**WORK TASK:**
Reproduce the entire listing exactly. Leave the pictures out.

**INFORMATION PROVIDED:**
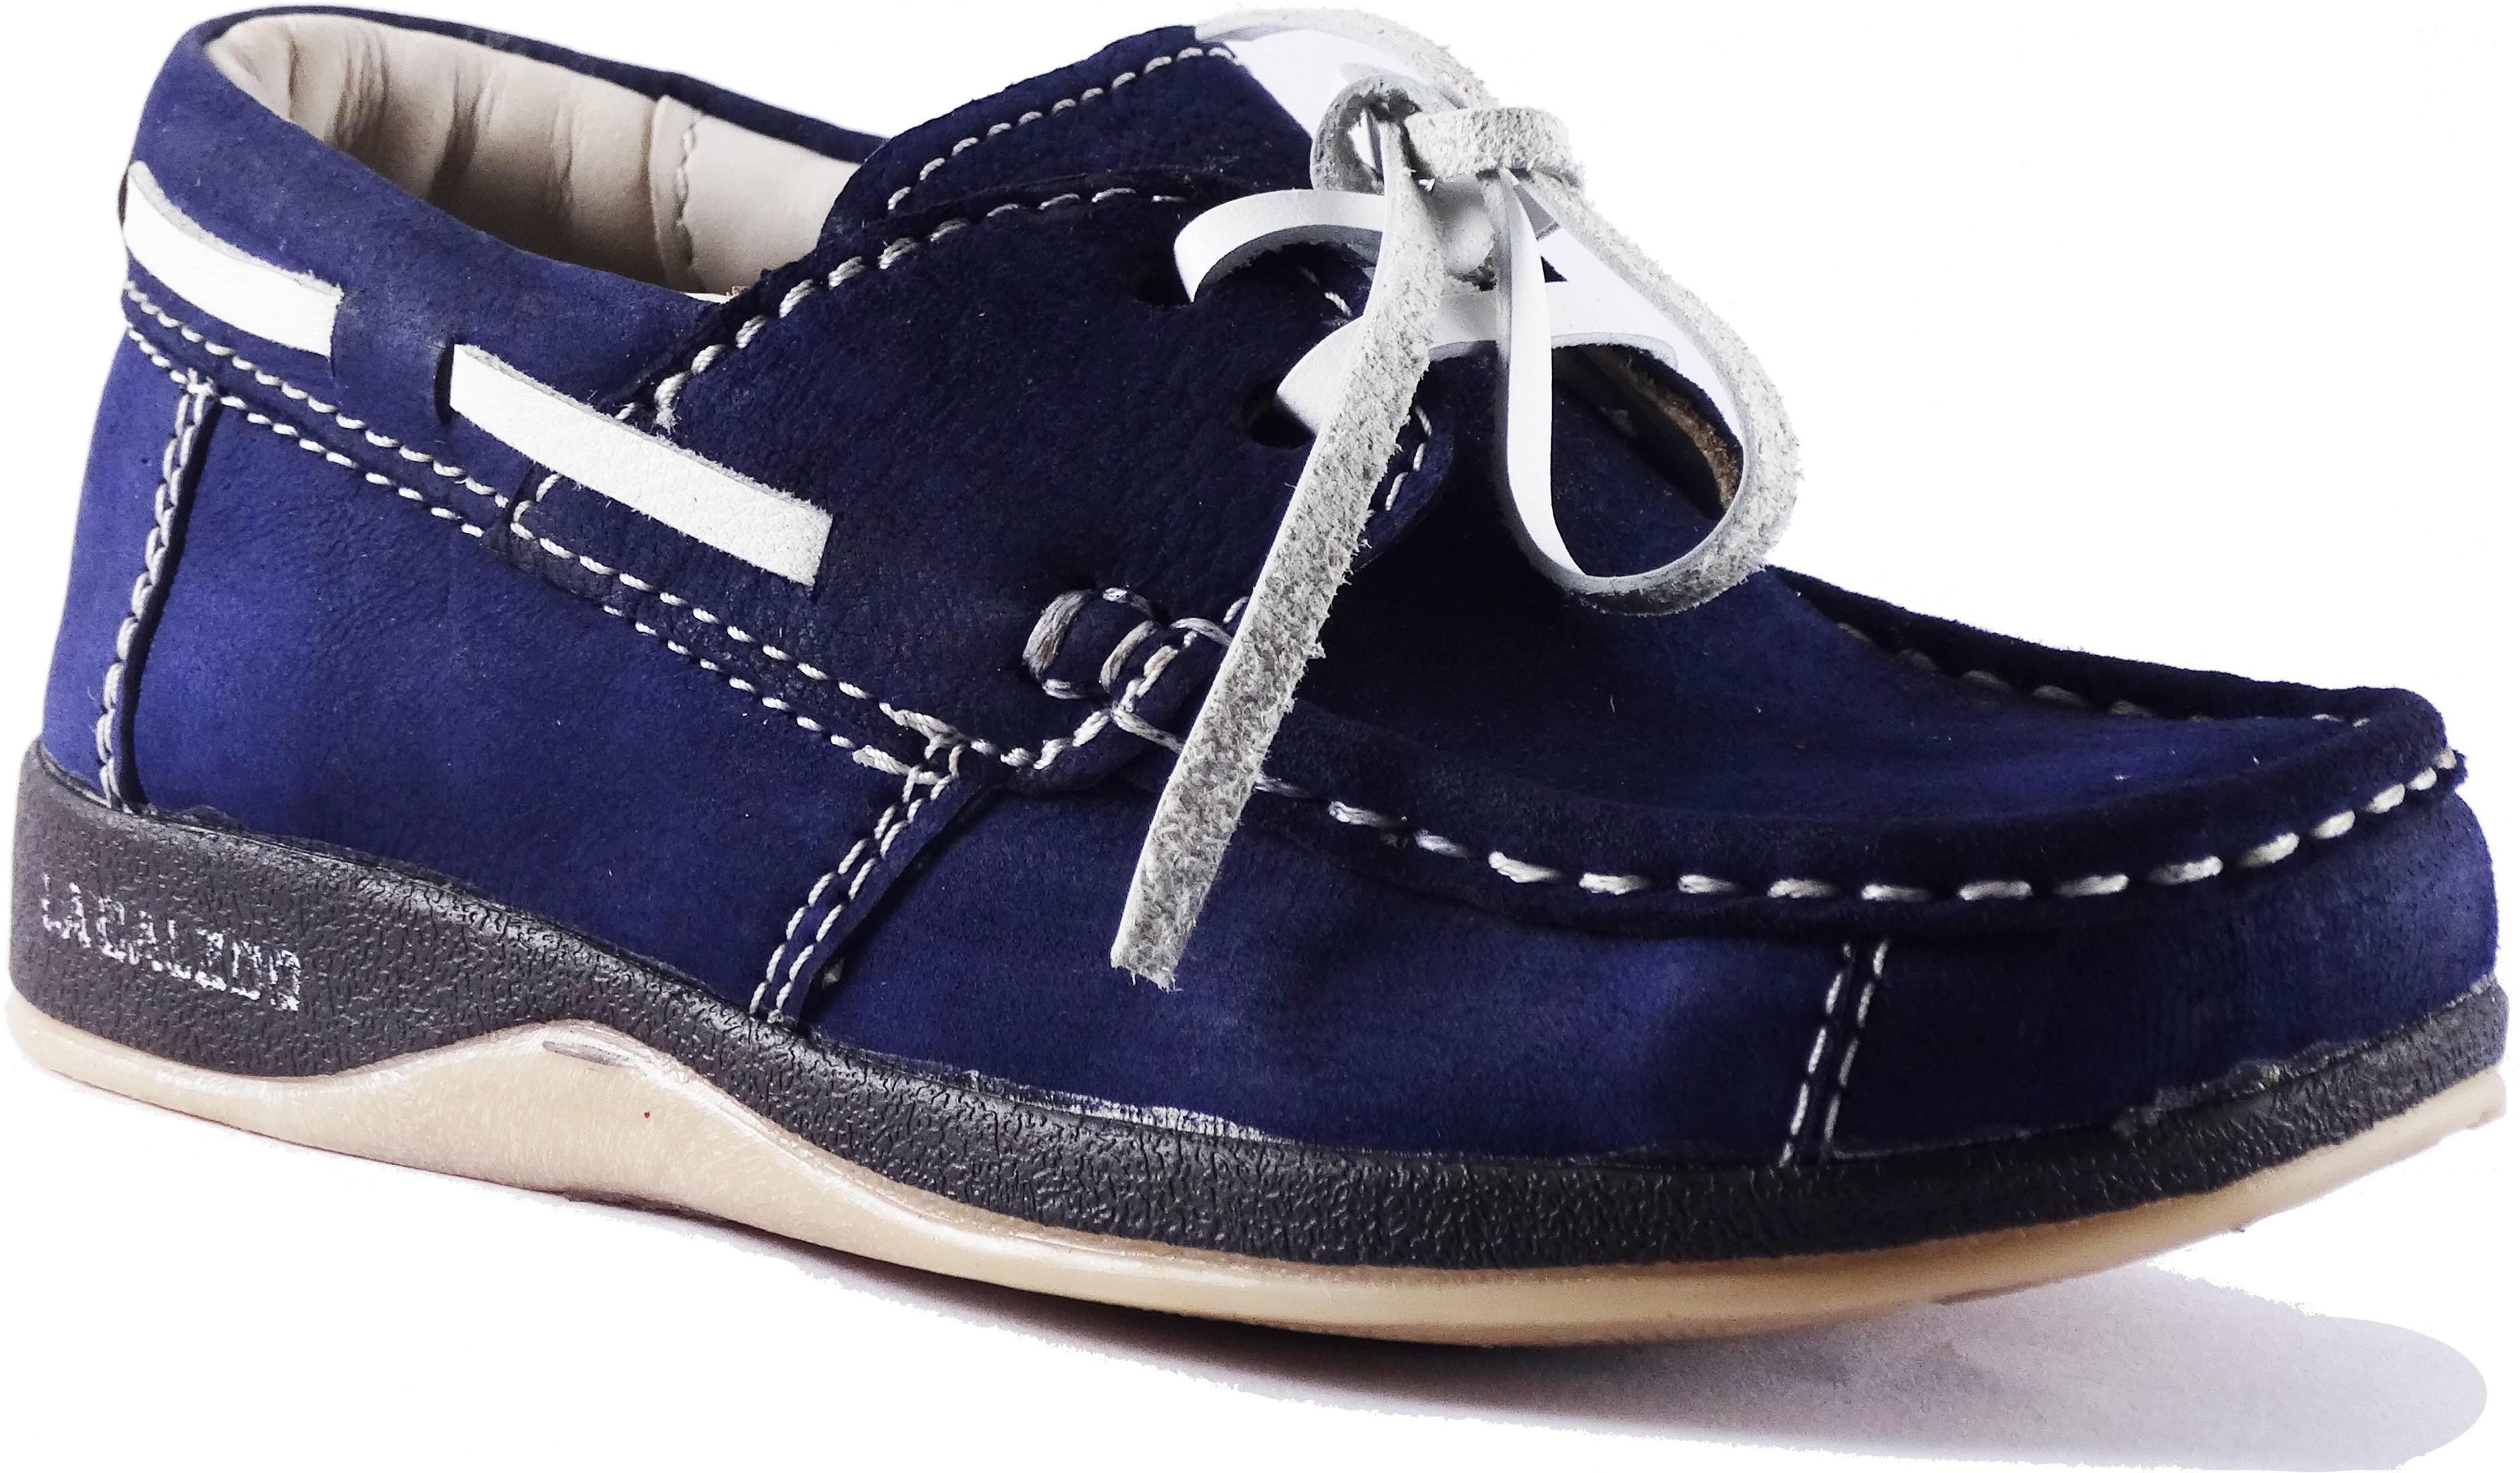 e407142fad3e Calzado Boys Blue Sneakers(Pack of 2) was ₹1199 now ₹720
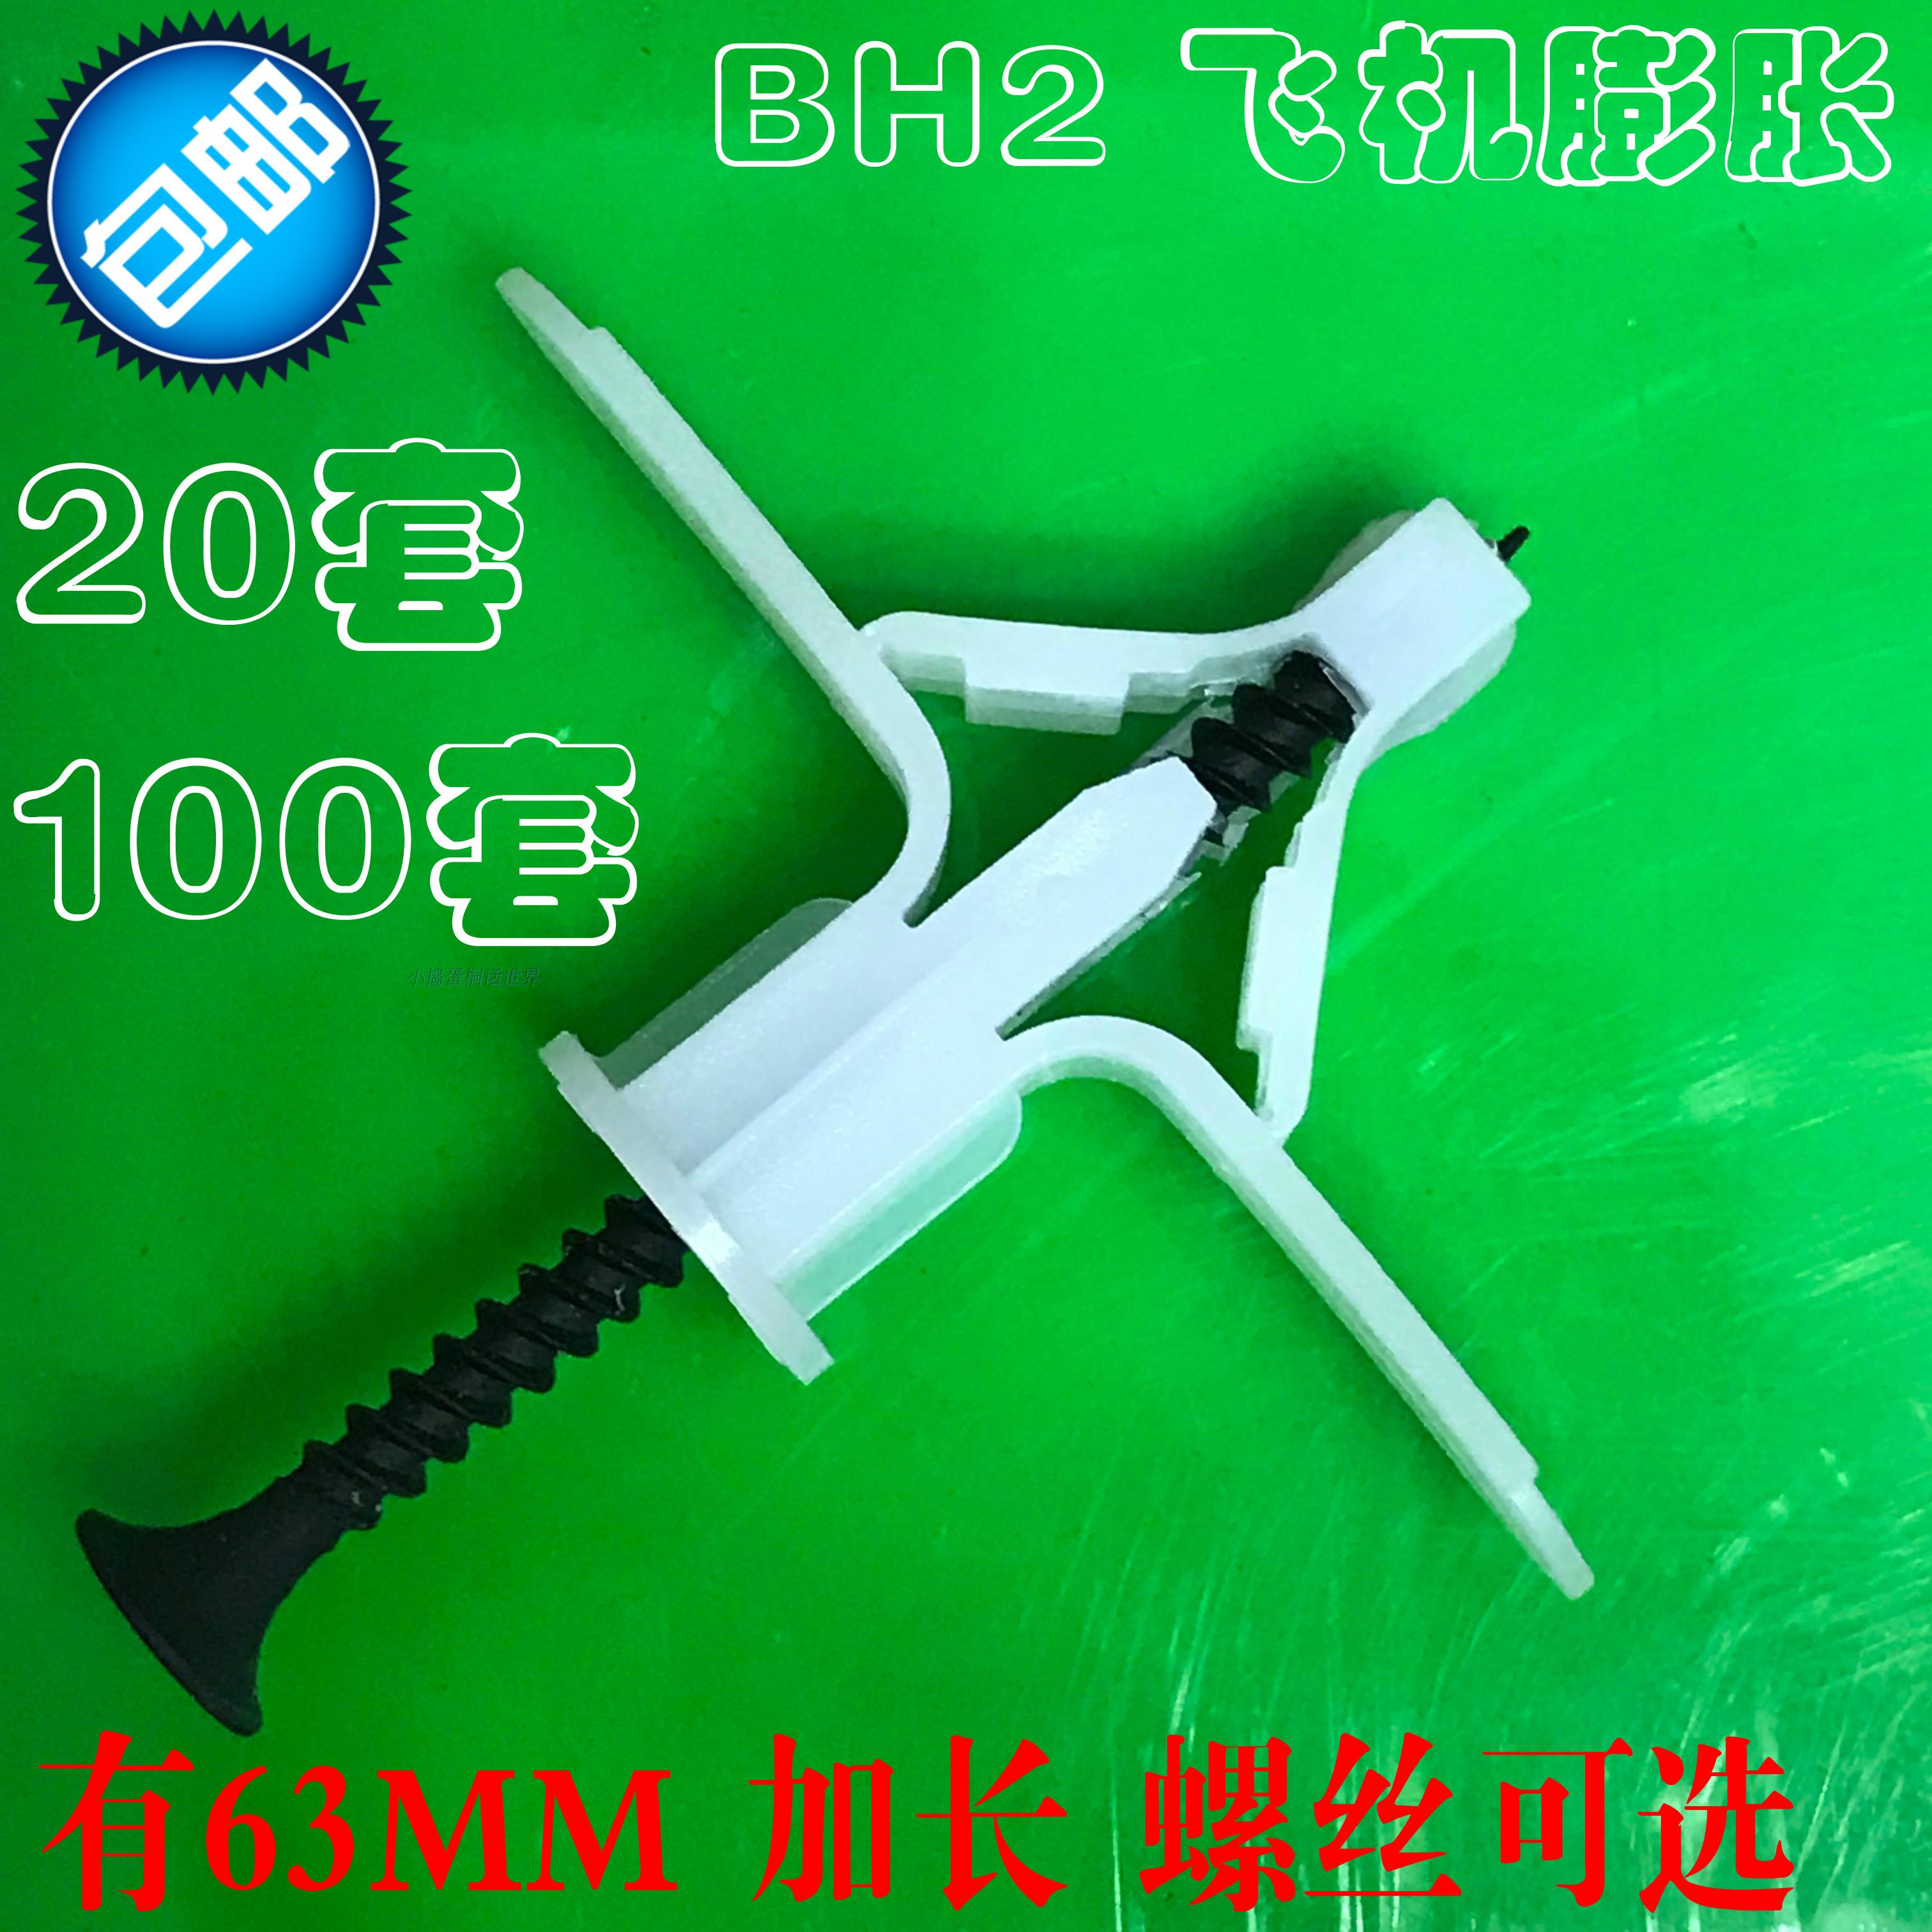 BH2 пластик самолет зыбь рост пробка зыбь пробка камень крем доска расширение винт трубка занавес полый стена зыбь
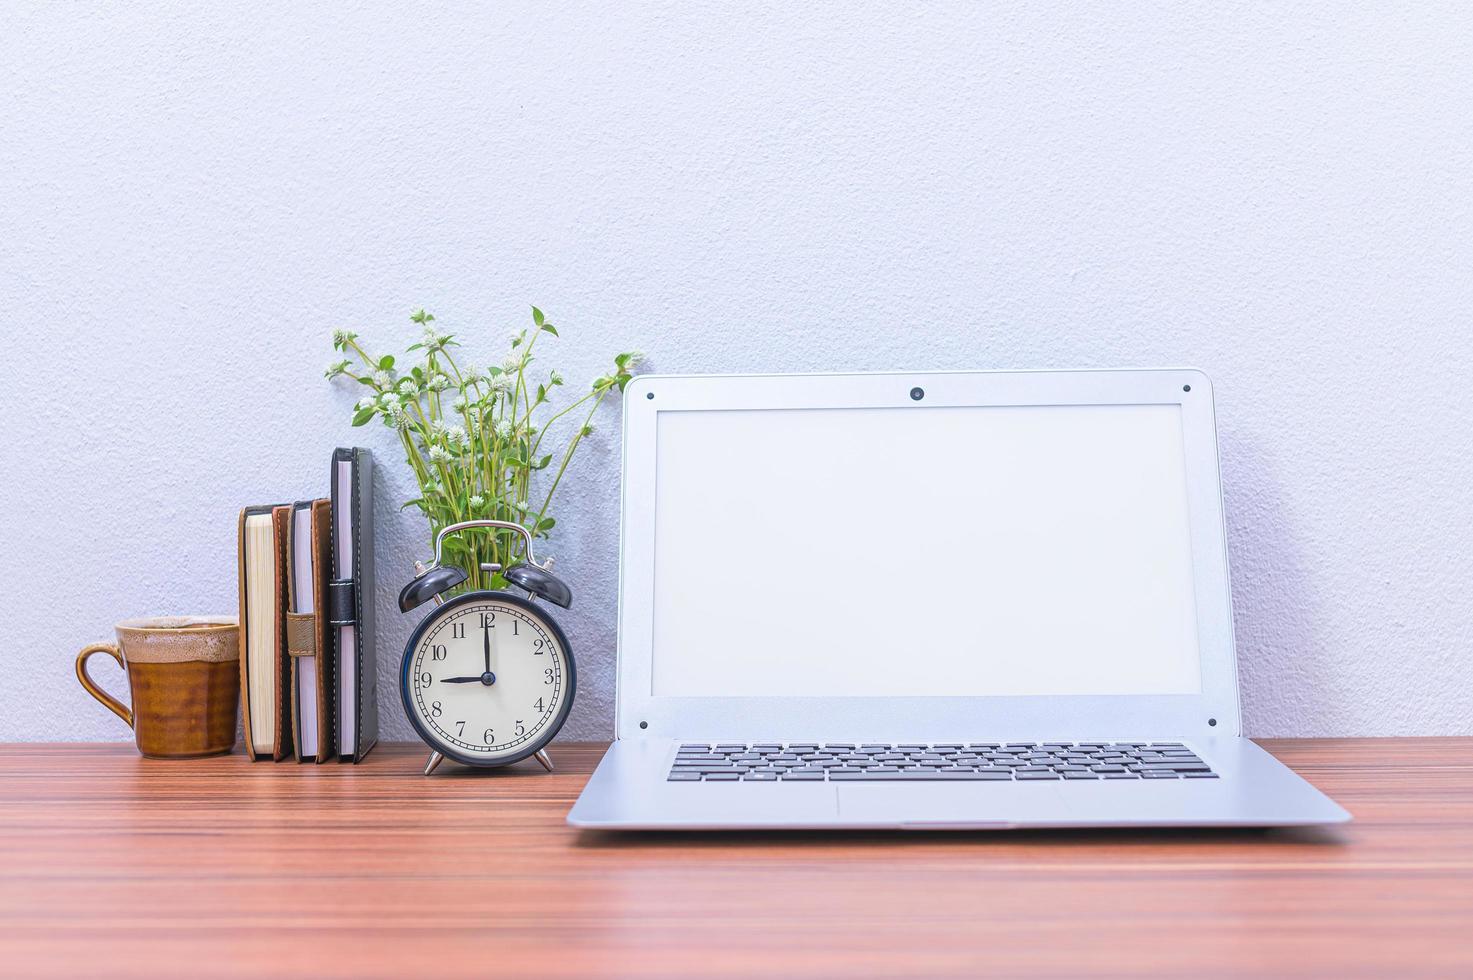 Laptop, Wecker und Blume auf dem Schreibtisch foto

**TASK RESULT:**
 e407142fad3e Calzado Boys Blue Sneakers(Pack of 2) was ₹1199 now ₹720
 BH2 пластик самолет зыбь рост пробка зыбь пробка камень крем доска расширение винт трубка занавес полый стена зыбь
 Laptop, Wecker und Blume auf dem Schreibtisch foto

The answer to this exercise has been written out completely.